I found it a pain in the ass to try and keep 3gb free on my old 30gb drive.  I would save your pennies and go for something larger.  60gb is great and plenty big enough. 

Be warned though:  Once you go SSD you cannot go back, spinning drives are just WAAAAY to slow.


----------



## erocker (Jan 5, 2010)

It's too much of a P.I.T.A. to bother. You are much better off saving up a little more for a 60+ gb drive.


----------



## lemonadesoda (Jan 5, 2010)

Dont bother with a 32GB SSD for a "workstation" type use.  You need 64GB for your OS and applications.
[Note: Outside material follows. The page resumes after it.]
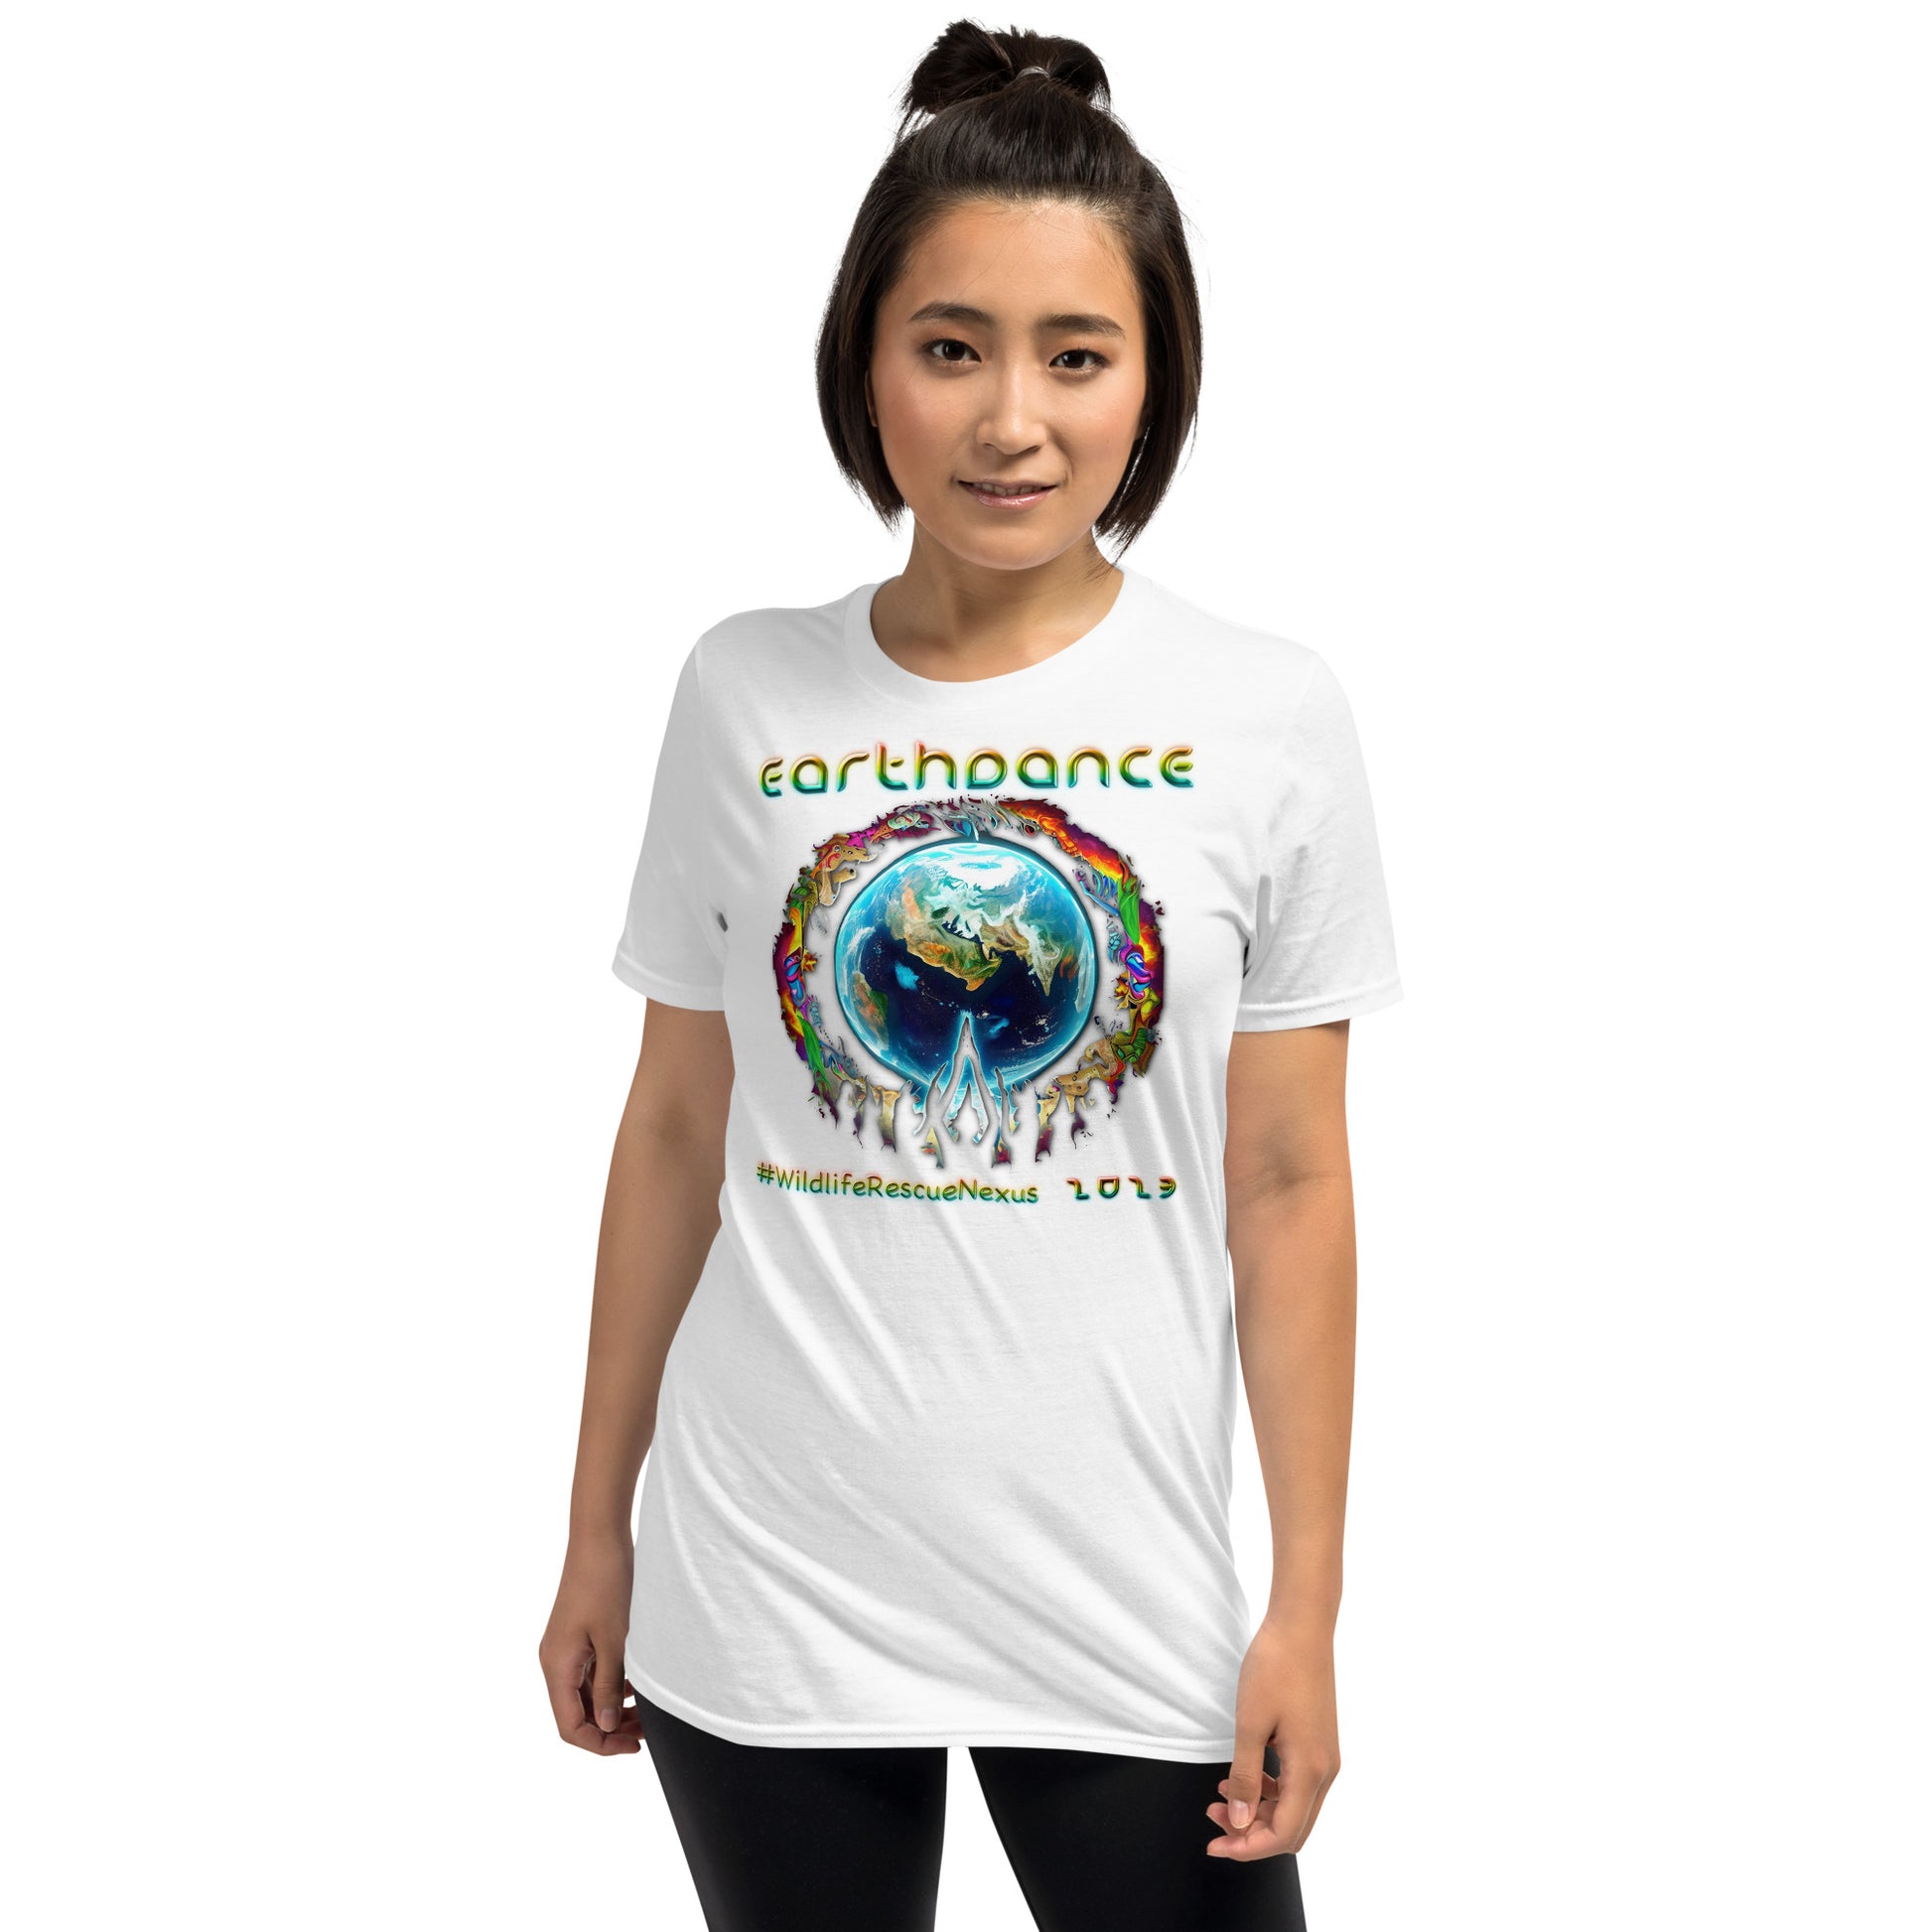 Earthdance 2023 - Dj Nattii-Lee v1 - Limited Edition - Short-Sleeve Unisex T-Shirt - The Foundation of Families

However, 64GB is probably enough for most people. Put ALL your data on a D: partition, and all your games on a G: partition.  D: and G: are obviously on a second HDD.
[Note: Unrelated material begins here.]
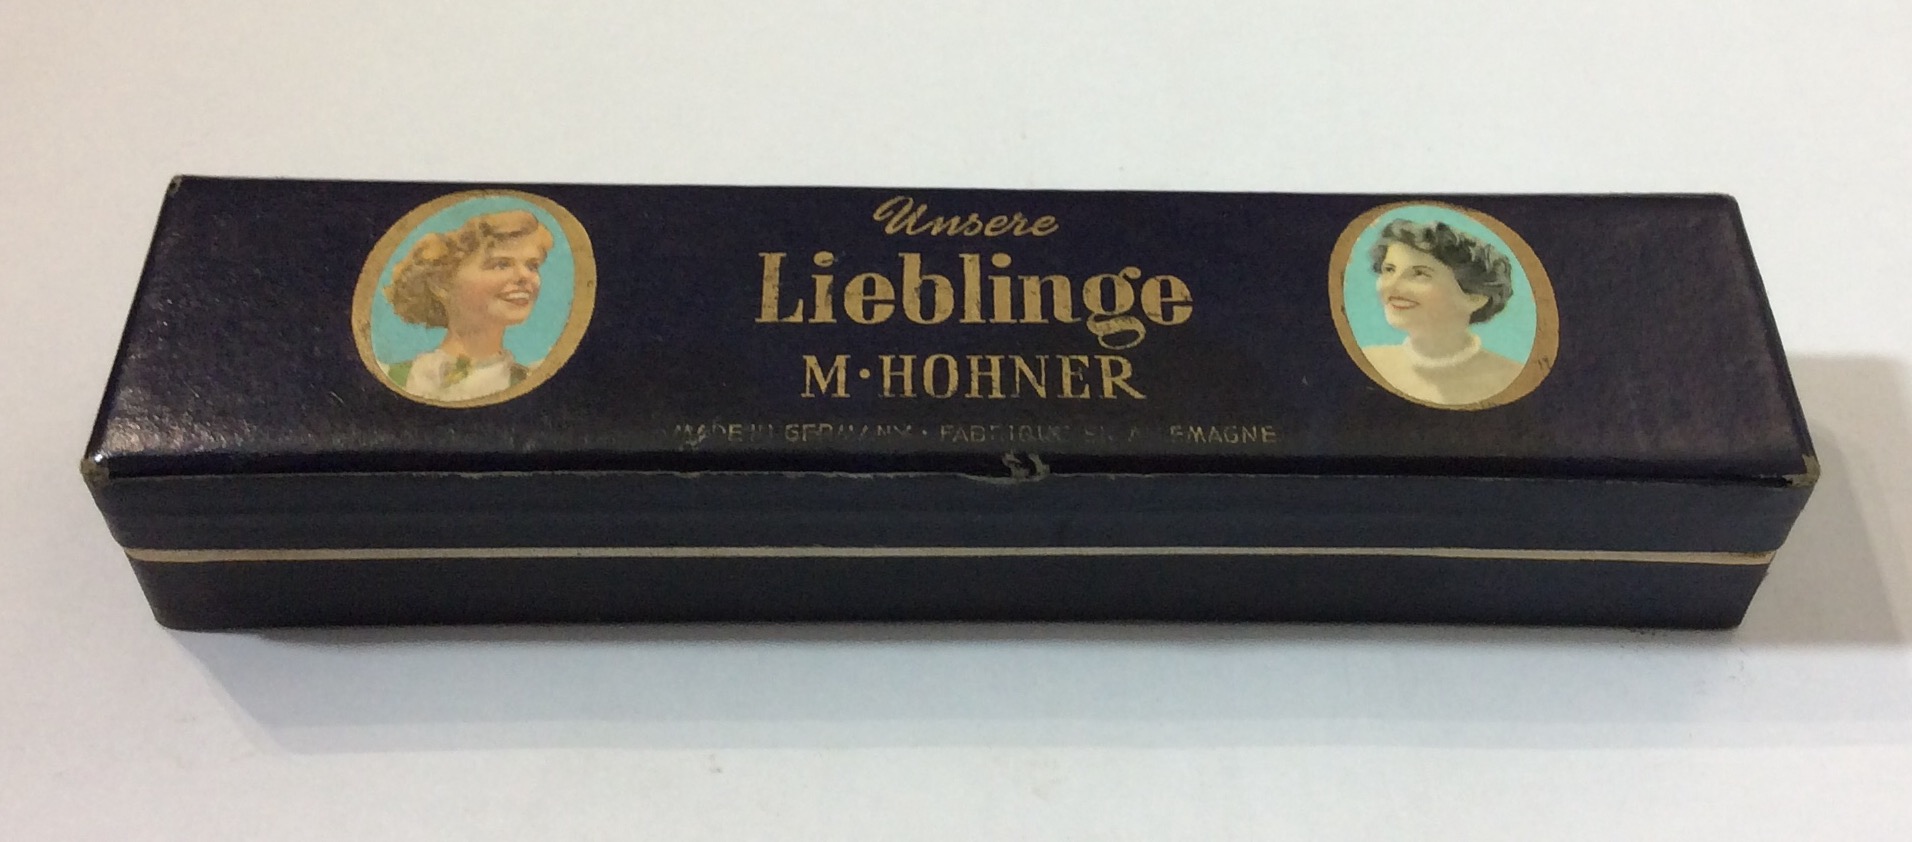 M. HOHNER, A WORLD WAR II GERMAN LEIBERLINGE MOUTH ORGAN Contained in original box, marked 'EIN DANK

Also take a look at the new player in the market _SandForce_


----------



## InnocentCriminal (Jan 5, 2010)

lemonadesoda said:


> Also take a look at the new player in the market _SandForce_



Read this the other week. Makes me want an SSD, that hadn't happened until now (well, when I read that article).


----------



## 3870x2 (Jan 5, 2010)

You have to think of all sorts of other things.  This is not possible, even with a bare-bones 7 installation.  Reasons:

Page file
Documents and settings files
Steam files cannot be moved unless steam is moved to another drive altogether
Temporary files very easily eat up free space
etc...

It is not a very good idea.


----------



## InnocentCriminal (Jan 5, 2010)

Argh! Just read this (marketing guff?).


----------



## lemonadesoda (Jan 5, 2010)

Hot potatoes...


----------



## dna1x (Jan 5, 2010)

For the money, an x4 965 seems much more appealing now.


----------



## KieX (Jan 5, 2010)

32GB is useless for today's use really.

I'm on a 64GB ssd with no pagefile, hibernation, backup or other big windows drive hogs but a good 15GB is gone to the OS. Then about 15GB is quickly taken up by software (even if it is mostly tiny freeware/open-source). You're left with about 30GB to share between games afterwards (which normally means 2 new titles at a time only).

64GB really is about the minimum you should look for.


----------



## HalfAHertz (Jan 5, 2010)

If you're buying new I'd go for this: http://www.newegg.com/Product/Product.aspx?Item=N82E16820167025

And I think it's quite possible to fit into a ~32gb budget with a little effort. My win 7 32bit+Autocad+IBM Lotus package+Revit+Gimp+Inkscape+a ton of other stuff is ~20GB


----------



## t_ski (Jan 7, 2010)

not sure if you are still looking at this, but today's deal at Newegg is a slower 32GB SSD for $64.99:

http://www.newegg.com/Product/Product.aspx?Item=N82E16820322012

You could grab 2 or 3 and have a speedy and responsive raid array.


----------



## BababooeyHTJ (Jan 17, 2010)

I picked up a 32GB Vertex on Black Friday and my Windows 7 install with a few apps (probably a couple of GB or so worth) is sitting at 11.4GB right now. 32GB is more than enough for a boot drive. Just move your page file off of the SSD, disable system restore, and disable hibernation and you should be fine. There is also no real need to have MW2 on an SSD (especilly the whole Steam folder), it wont see any real benefit. My Steam folder is 172GB right now. There are very few games that I would want on an SSD and Oblivion is one of them but that is like a 30GB folder.

I generally like to keep my apps off of the OS drive anyways.


----------



## exodusprime1337 (Jan 17, 2010)

i fit my windows 7 pro onto a 64gig ssd, it only takes 10Gigs after i moved the pagefile and did all the reg ssd tweaks.


----------